Future regulatory and clinical strategies are being reviewed in light of these results.
These results are from an investigational study. ABRAXANE is not approved for the treatment of metastatic melanoma.
About the Study
CA033 is a phase III randomized, open-label, international study that evaluated the safety and efficacy of ABRAXANE versus standard chemotherapy, dacarbazine in chemotherapy-naïve patients with stage IV metastatic melanoma. The majority of the patients were males (66%), had an ECOG status of 0 (71%), and had very advanced metastatic disease (M1c stage: 65%). Dacarbazine is the only chemotherapy approved since 1975 by the U.S. Food and Drug Administration for metastatic melanoma.
In the CA033 study, 529 chemotherapy-naïve patients were randomized to receive either ABRAXANE (150mg/m2 weekly for 3 out of 4 weeks) (n=264) or standard chemotherapy, dacarbazine (1000 mg/m2 every three weeks) (n=265). The primary endpoint was progression-free survival (PFS) based on blinded assessment of CT scans obtained every 8 weeks, evaluated per RECIST. The secondary endpoint was OS and other endpoints included objective response rate (ORR), disease control rate (DCR), and safety/tolerability.
ABRAXANE is an albumin-bound form of paclitaxel that is manufactured using patented nab® technology. ABRAXANE is formulated with albumin, a human protein, and is free of solvents.
In the United States, ABRAXANE was first approved in January 2005 for the treatment of breast cancer after failure of combination chemotherapy for metastatic disease or relapse within 6 months of adjuvant chemotherapy. Prior therapy should have included an anthracycline unless clinically contraindicated. ABRAXANE is also available in Europe, Canada, Russia, Australia, New Zealand, India, South Korea, Bhutan, Nepal, United Arab Emirates and China for the treatment of metastatic breast cancer.
In October 2012, ABRAXANE was approved by the U.S. Food and Drug Administration for the first-line treatment of locally advanced or metastatic non-small cell lung cancer, in combination with carboplatin, in patients who are not candidates for curative surgery or radiation therapy.
For the full prescribing information for ABRAXANE please visit http://www.abraxane.com.

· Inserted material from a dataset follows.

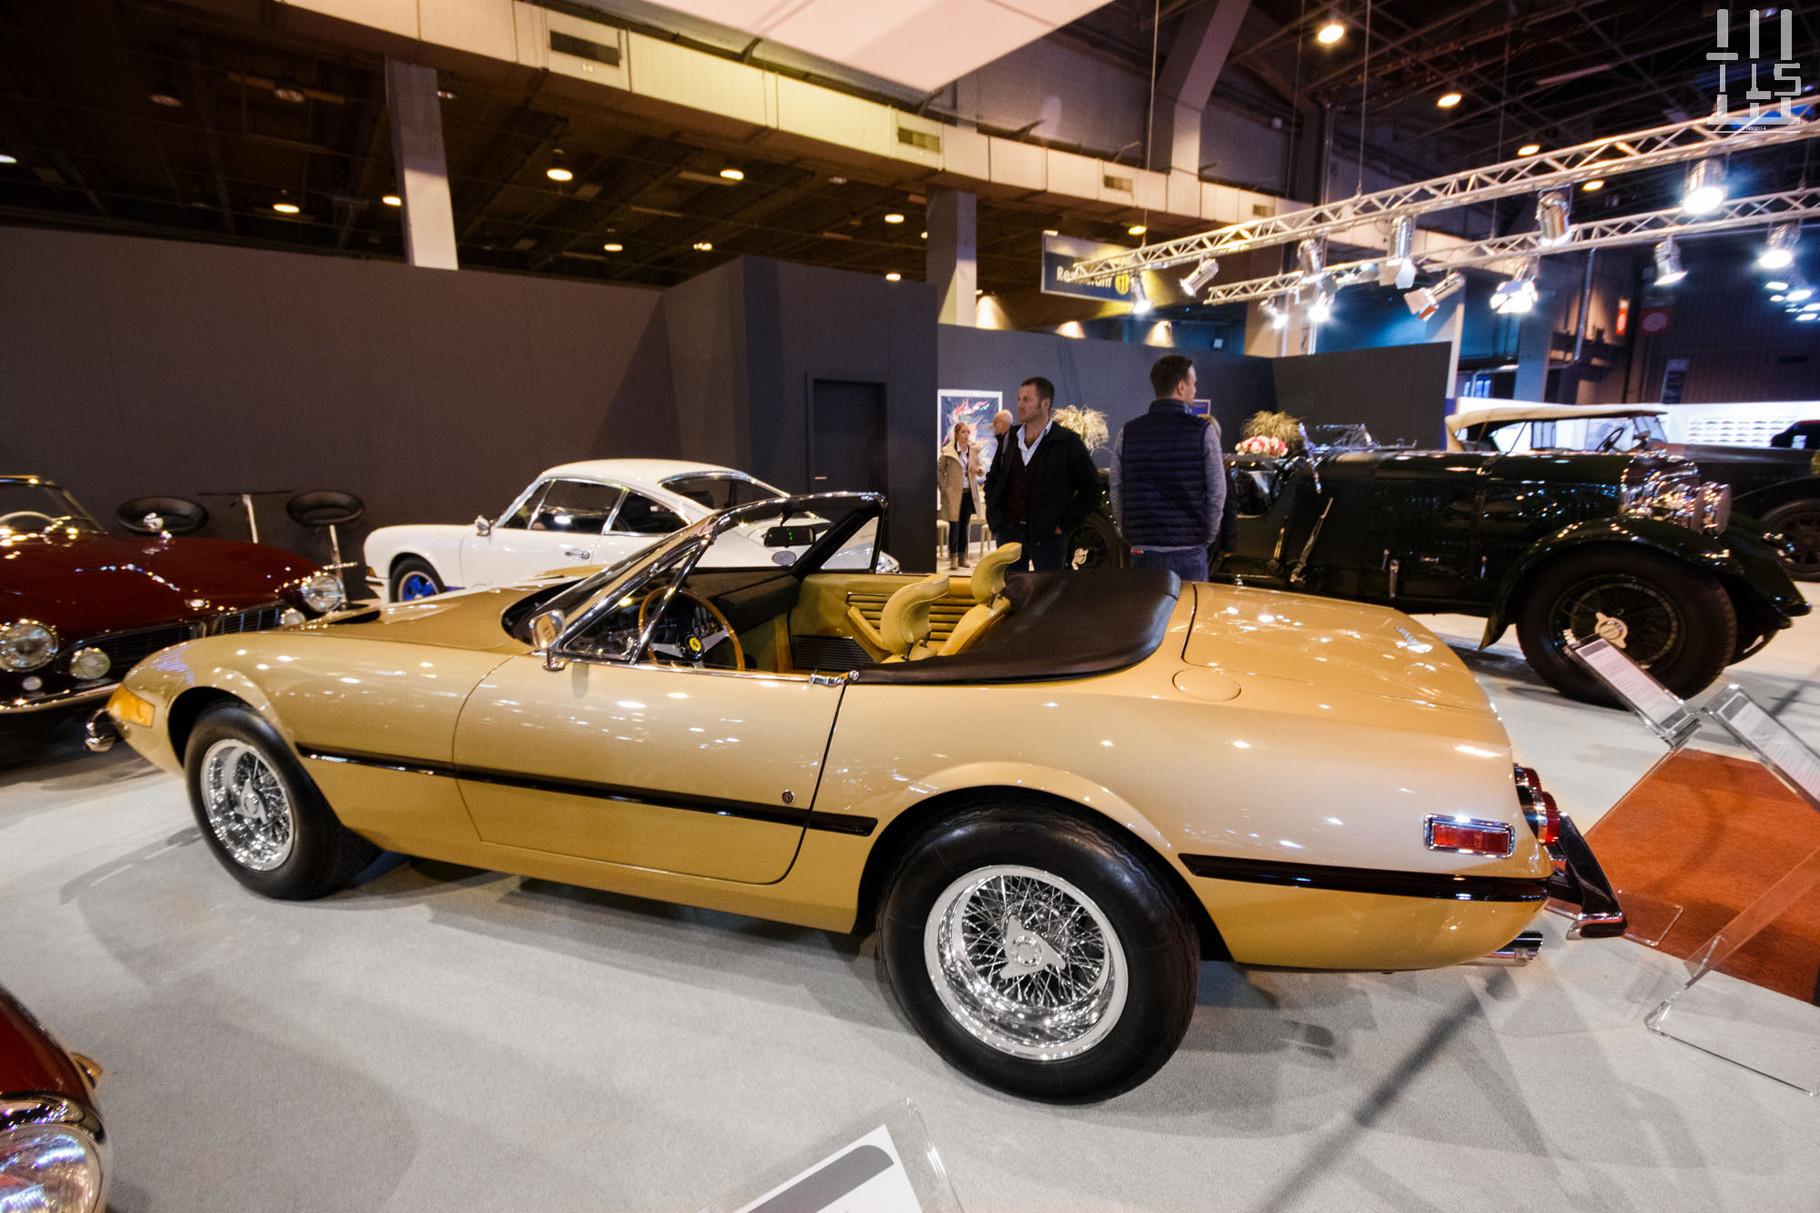 Retour chez Axel Schuette avec la première Ferrari 365 GTS/4 Daytona sortie de l'usine Maranello. La teinte Oro Chiaro est celle que je voudrais sur ma Daytona si j'en possède un jour une.

About Celgene International Sàrl
Celgene International Sàrl, located in Boudry, in the Canton of Neuchâtel, Switzerland, is a wholly owned subsidiary and international headquarters of Celgene Corporation. Celgene Corporation, headquartered in Summit, New Jersey, is an integrated global pharmaceutical company engaged primarily in the discovery, development and commercialization of innovative therapies for the treatment of cancer and inflammatory diseases through gene and protein regulation. For more information, please visit the Company’s website at www.celgene.com.

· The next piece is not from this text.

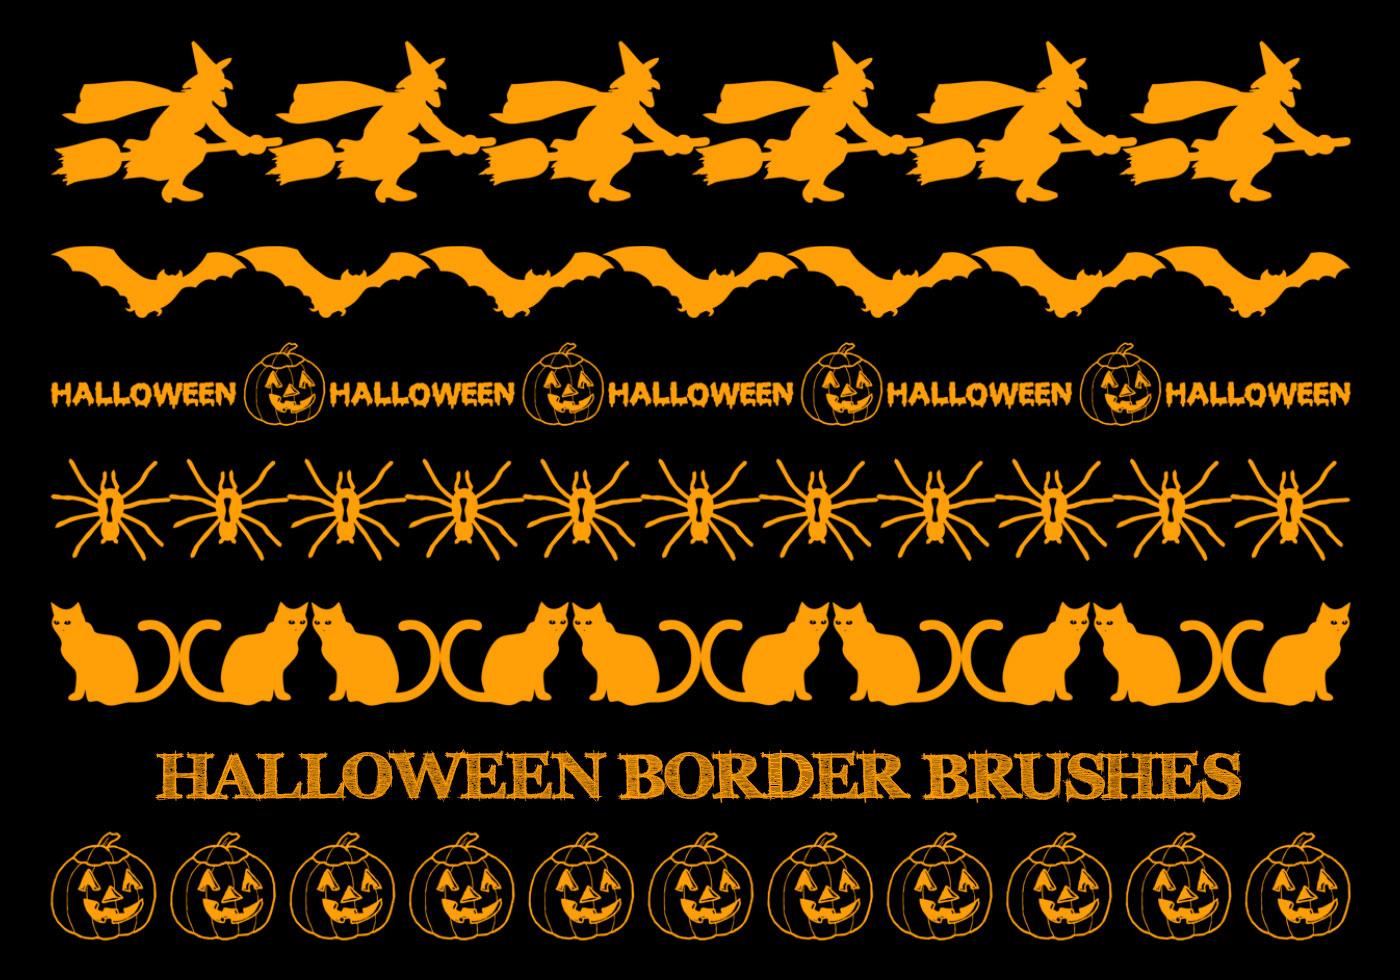 Halloween Border Brushes Free Photoshop Brushes At Brusheezy

This press release contains forward-looking statements, which are generally statements that are not historical facts. Forward-looking statements can be identified by the words “expects,” “anticipates,” “believes,” “intends,” “estimates,” “plans,” “will,” “outlook” and similar expressions. Forward-looking statements are based on management’s current plans, estimates, assumptions and projections, and speak only as of the date they are made. We undertake no obligation to update any forward-looking statement in light of new information or future events, except as otherwise required by law. Forward-looking statements involve inherent risks and uncertainties, most of which are difficult to predict and are generally beyond our control. Actual results or outcomes may differ materially from those implied by the forward-looking statements as a result of the impact of a number of factors, many of which are discussed in more detail in our Annual Report on Form 10-K and our other reports filed with the Securities and Exchange Commission.